Mayor of Taputapuatea
- Incumbent
- Assumed office 1997
- Preceded by: Toni Hiro

Minister of Agriculture and Island Development
- In office 17 May 2013 – 16 September 2014
- President: Gaston Flosse
- Succeeded by: Frédéric Riveta

Minister of Outer Islands Development
- In office 18 February 2009 – 25 November 2009
- President: Oscar Temaru

Member of the French Polynesian Assembly for Leeward Isles
- Incumbent
- Assumed office 7 May 2013
- In office 23 May 2004 – 28 January 2008
- In office 12 May 1996 – 5 May 2001

Personal details
- Born: 1958 (age 67–68)
- Party: Tahoera'a Huiraatira Tapura Huiraatira

= Thomas Moutame =

French Polynesian politician

Thomas Moutame is a French Polynesian politician and former Cabinet Minister. He has served as Mayor of Taputapuatea since 1997. He is a member of Tapura Huiraatira.

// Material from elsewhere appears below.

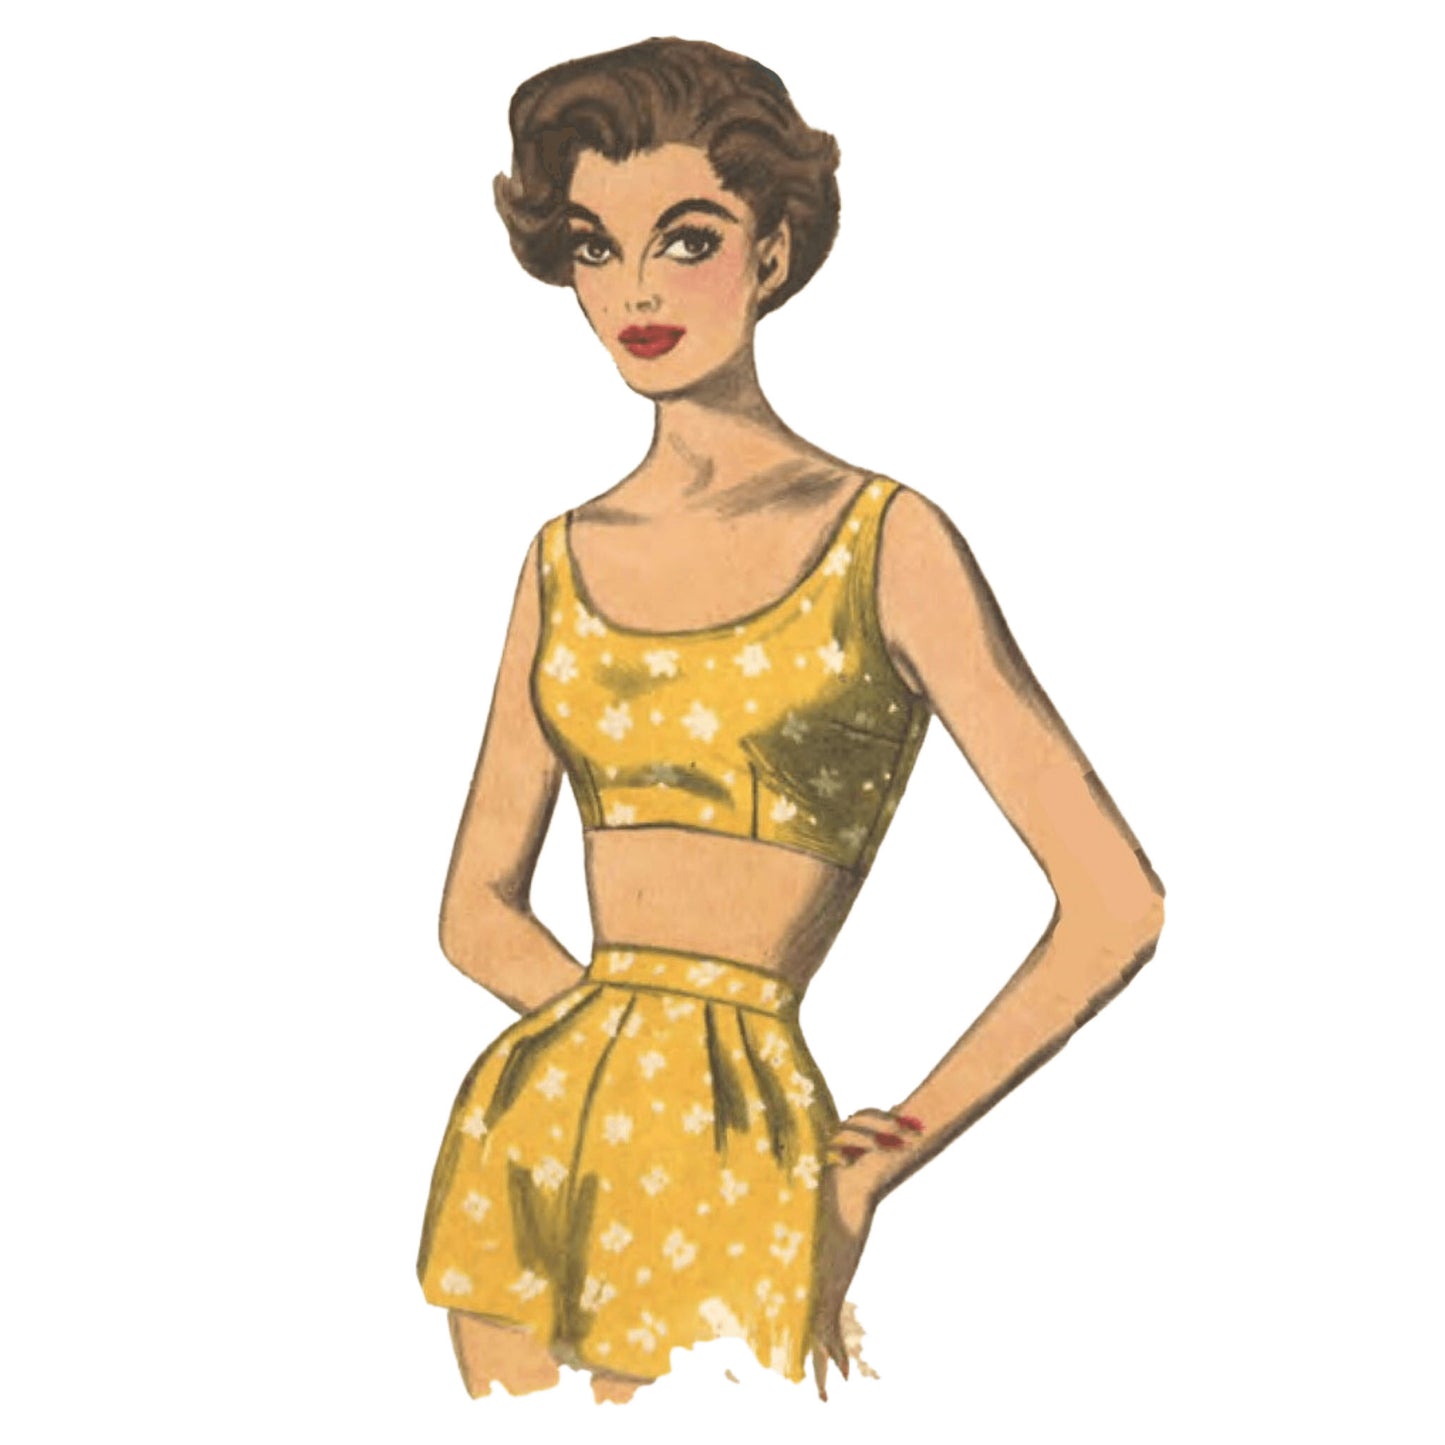 PDF - Vintage 1950s Pattern, Set of Blouse & Bra Crop Tops - Multi sizes - Instantly Print at Home - Vintage Sewing Pattern Company

Moutame is from Raiatea. He was first elected to the Assembly of French Polynesia at the 1996 French Polynesian legislative election. He lost his seat at the 2001 election, but was re-elected in 2004. He lost his seat again at the 2008 election. In February 2009 he was appointed to the coalition cabinet of Oscar Temaru as Minister of Outer Islands Development. He later worked as a technical advisor to the Ministry of Rural Economy.

In 2007 while serving as Mayor of Taputapuatea he refused to marry a couple because one of them had had a sex change. In March 2011 he was convicted of abuse of power and fined US$5000. In September 2011 the Court of Appeal overturned an initial sentence of a year's ineligibility for office.

Following the 2013 election he was appointed to the Cabinet of Gaston Flosse as Minister of Agriculture and Island Development. After the fall of the Flosse government in September 2014 he returned to the Assembly. In December 2015 he voted for Édouard Fritch's budget rather than abstain with the rest of his party. He did the same in December 2016.

In April 2017 he was one of 22 Tahoeraa politicians jointly ordered to repay US$2.1 million of public funds they had misused to advance their political party between 1996 and 2004.

In February 2018 he left the Tahoeraa after failing to secure a high enough placing on the party list. He subsequently ran as a Tapura Huiraatira in the 2018 election and was elected. In 2020 he was re-elected as Mayor of Taputapuatea for a fifth term.